Reading some more (someone break in when I lose my clue ;-)
Reading the streams page in the wiki about anticompaction, I think the best approach to take when a node gets its disks overfull, is to set the compaction thresholds to 0 on all nodes, decommission the overfull node, wait for stuff to get redistributed, and then clean off the decommissioned node and bootstrap it. Since the disks are too full for an anticompaction, you can't move the token on that node.
Given this, I wonder about the right approach to capacity planning. If I want to store, say, 500M rows, and I know based on current cfstats that the mean compacted size row is 27k, how much overhead is there on top of the 13.5 TB of raw data?
Trying to compute from what I have, in cfstats I have a total "Spaced used (total)" of around 1.6TB (this is only a subset of the data loaded so far), but when I could data directories using du(1) I get around 23TB already used.
Ok, answered part of this myself. You can stop a node, move files around on the data disks, as long as they stay in the right keyspace directories, and all is fine.
Now, I have a single Data.db file which is 900GB and is compacted. The drive its on is only 1.5TB, so it can't anticompact at all. Is there anything I can do?
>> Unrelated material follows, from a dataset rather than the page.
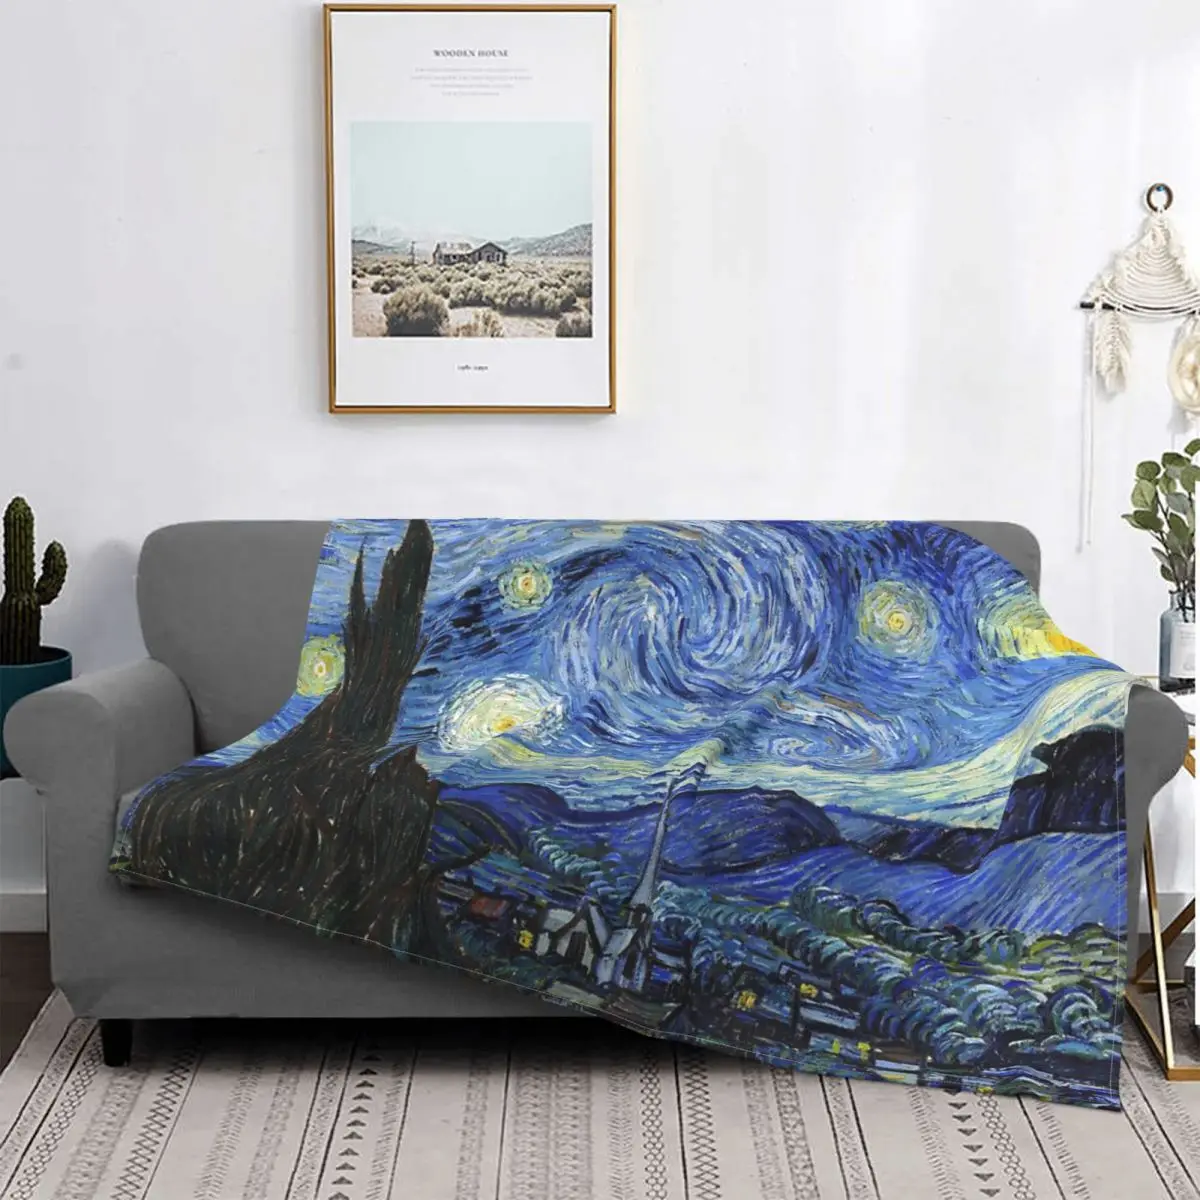 

Blanket The Starry Night By Vincent Van Gogh, Art Print Throw Blanket Lightweight Cozy for Sofa Chair Bed Office Adult Kids Gift

The replication factor is 3, so one idea is to take down the node, blow away the huge file, adjust the token, and restart the node. At that point I'm not sure what to tell the new node or other nodes to do... do I need to run a repair, or a cleanup, or a loadbalance, or ... what?
It would be great to be able to fix a storage quota on a per-data-directory basis, to ensure that enough capacity is retained for anticompaction. Default 45% quota, adjustable for the brave.
IanOn Tue, Jun 1, 2010 at 4:08 PM, Ian Soboroff <email@example.com> wrote:My nodes have 5 disks and are using them separately as data disks. The usage on the disks is not uniform, and one is nearly full. Is there some way to manually balance the files across the disks? Pretty much anything done via nodetool incurs an anticompaction with obviously fails. system/ is not the problem, it's in my data's keyspace.